TO DO:
Would you repeat each line below exactly, without the pictures?

DATA SHOWN:
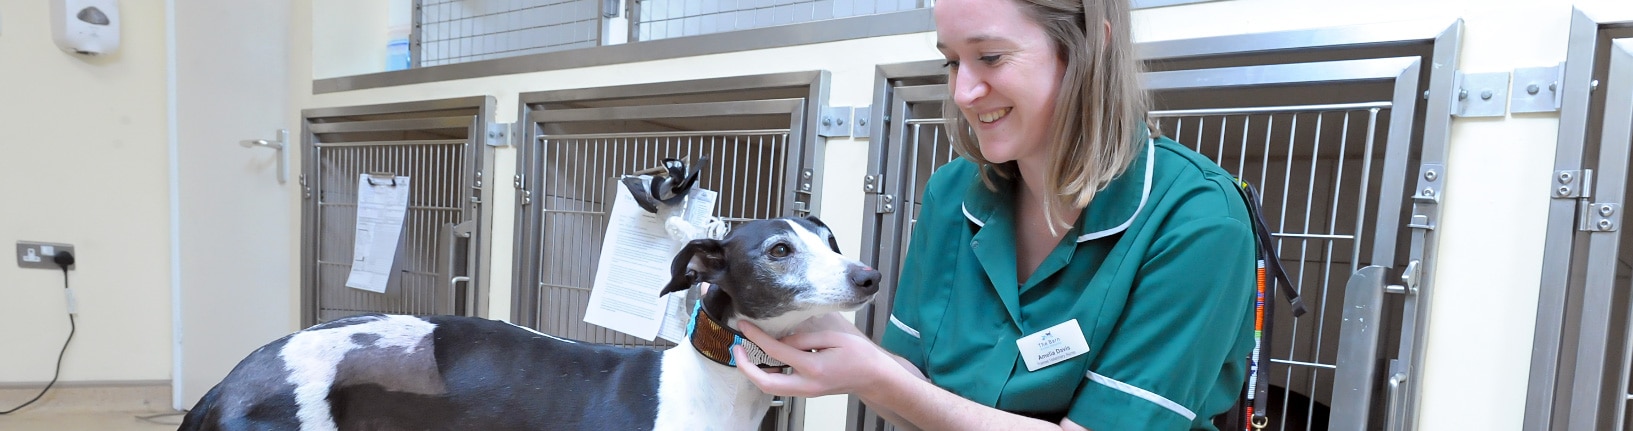 Careers at The Barn Animal Hospital
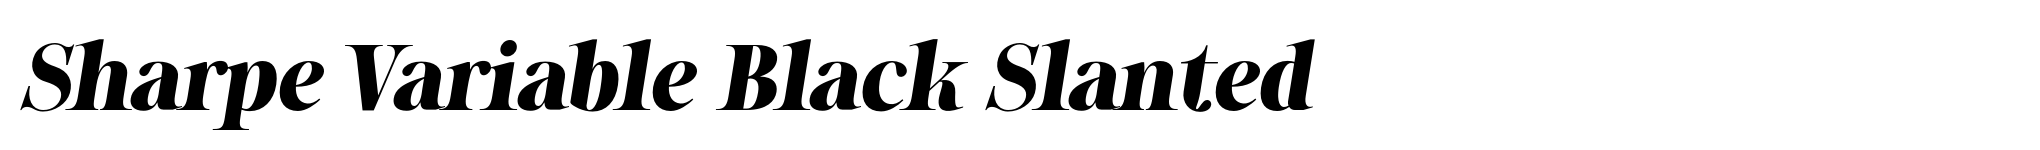 Sharpe Variable Black Slanted image
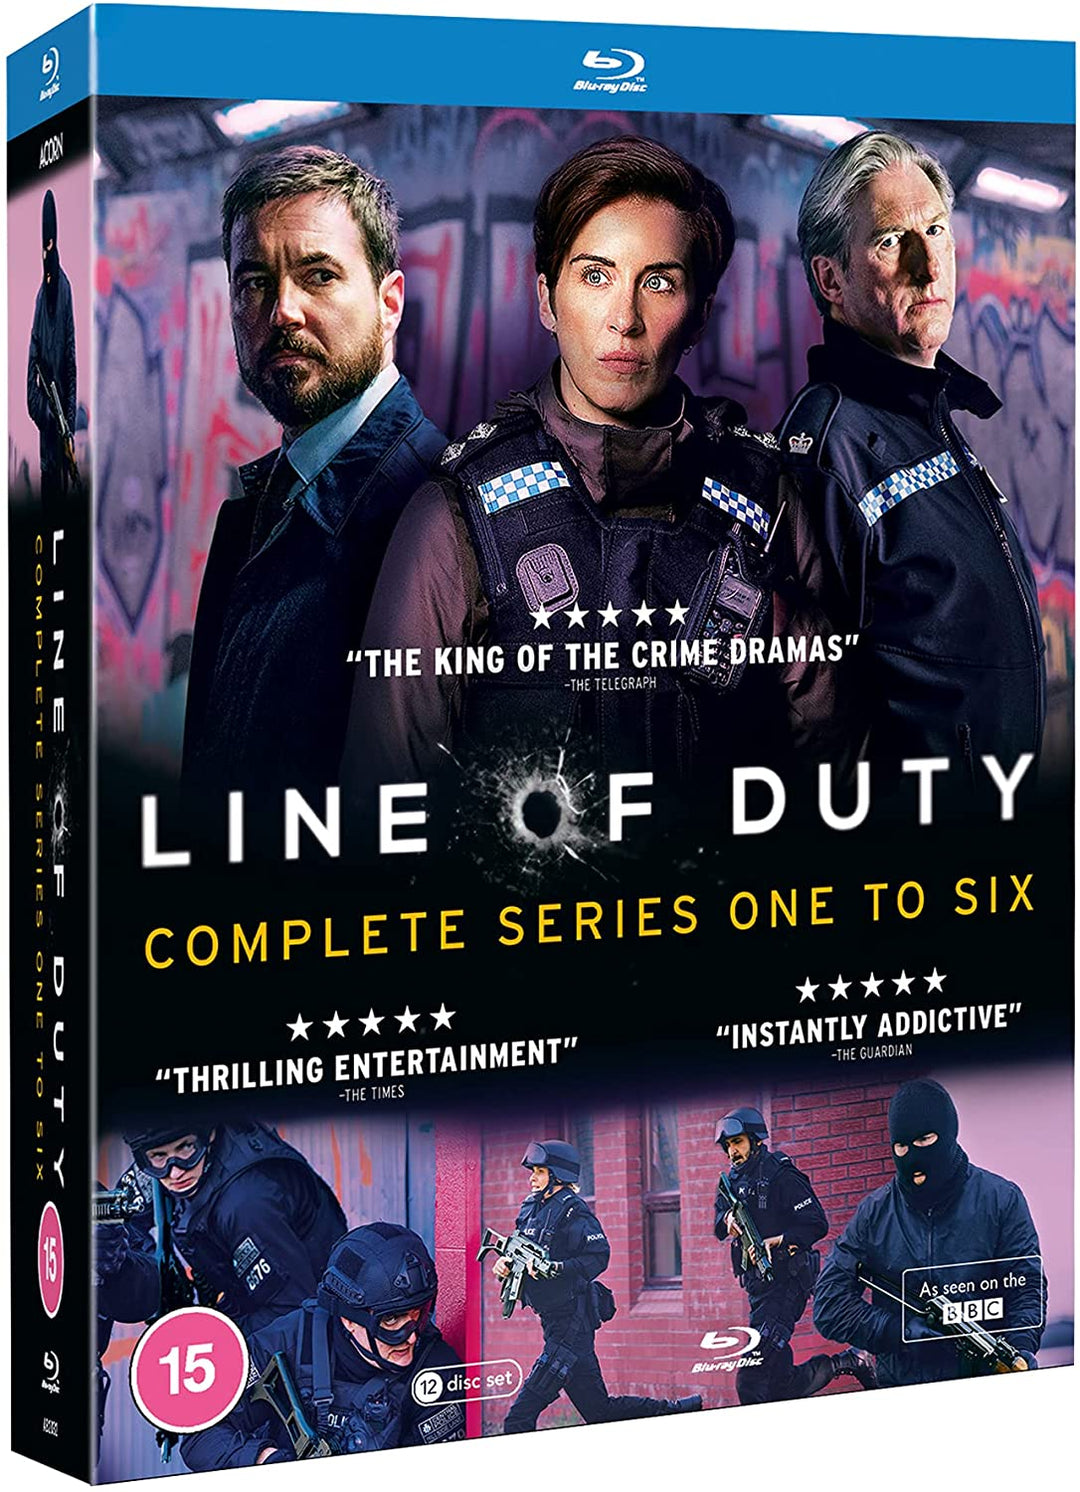 Line of Duty - Series 1-6 Complete Box Set [Blu-ray] - Drama [Blu-ray]
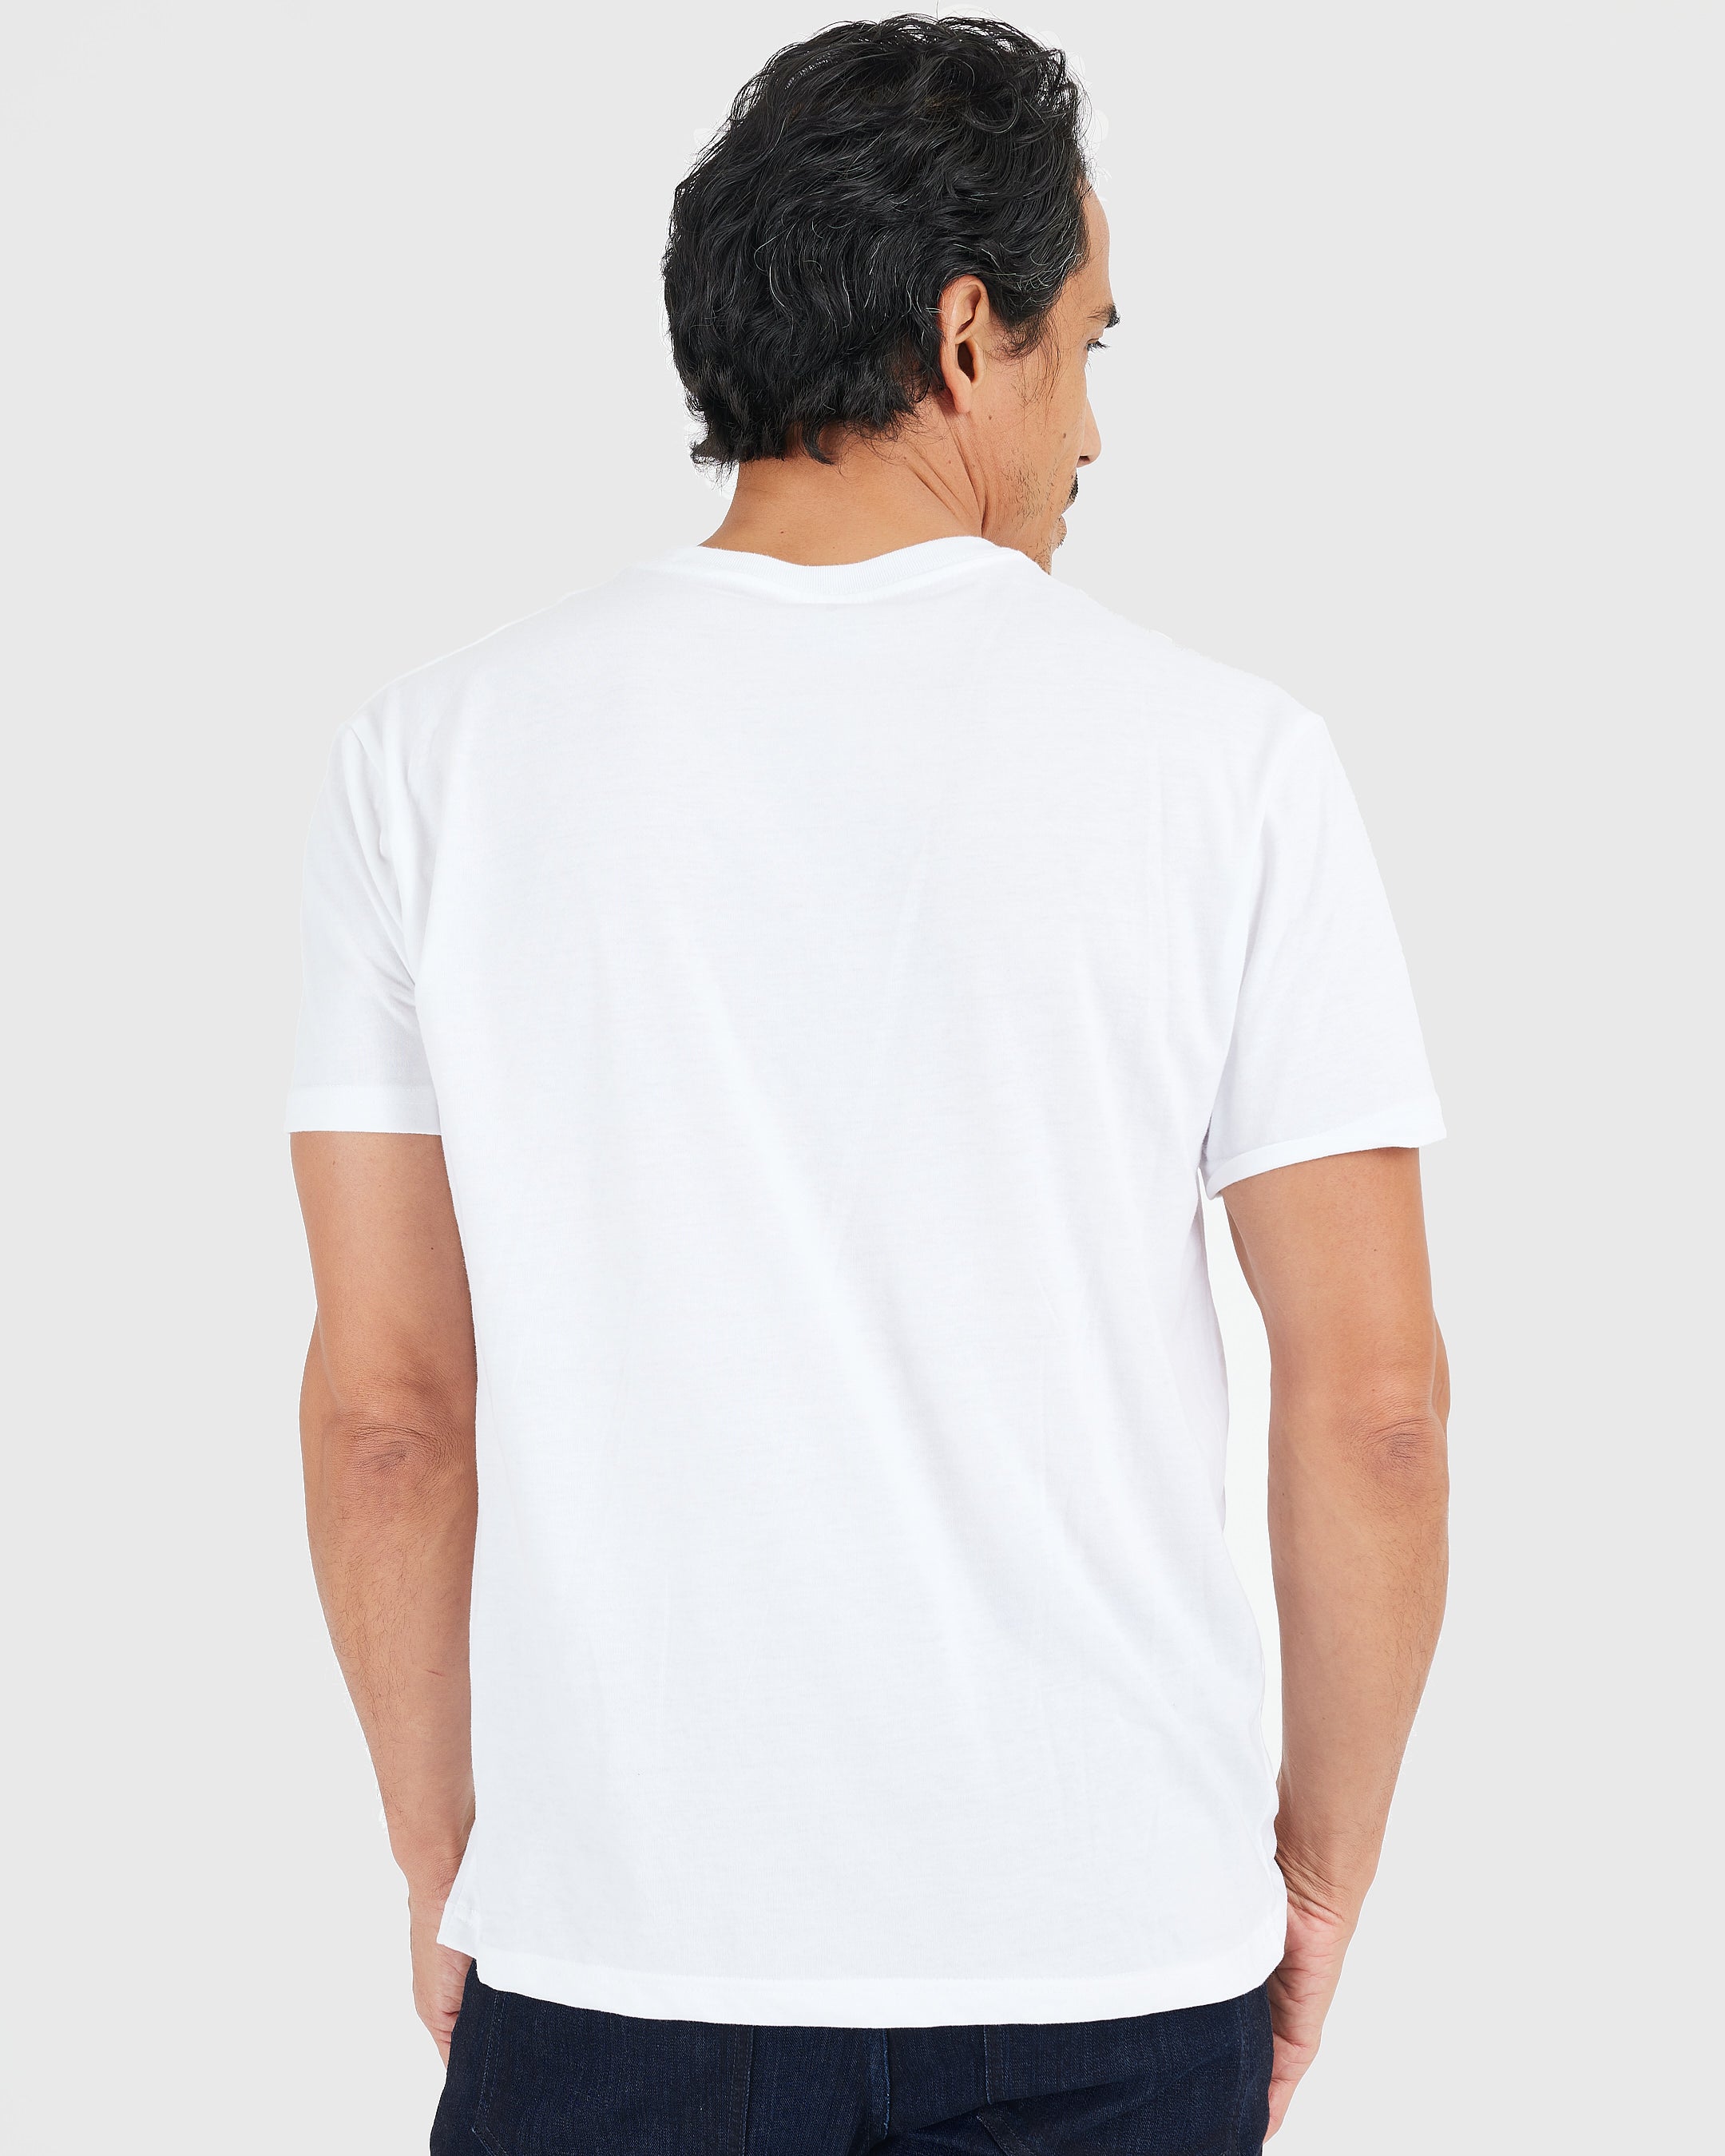 3 Pack White T-Shirts - True Classic

SOLUTION TO THIS TASK:
 Careers at The Barn Animal Hospital
 Sharpe Variable Black Slanted image
 Line of Duty - Series 1-6 Complete Box Set [Blu-ray] - Drama [Blu-ray]
 3 Pack White T-Shirts - True Classic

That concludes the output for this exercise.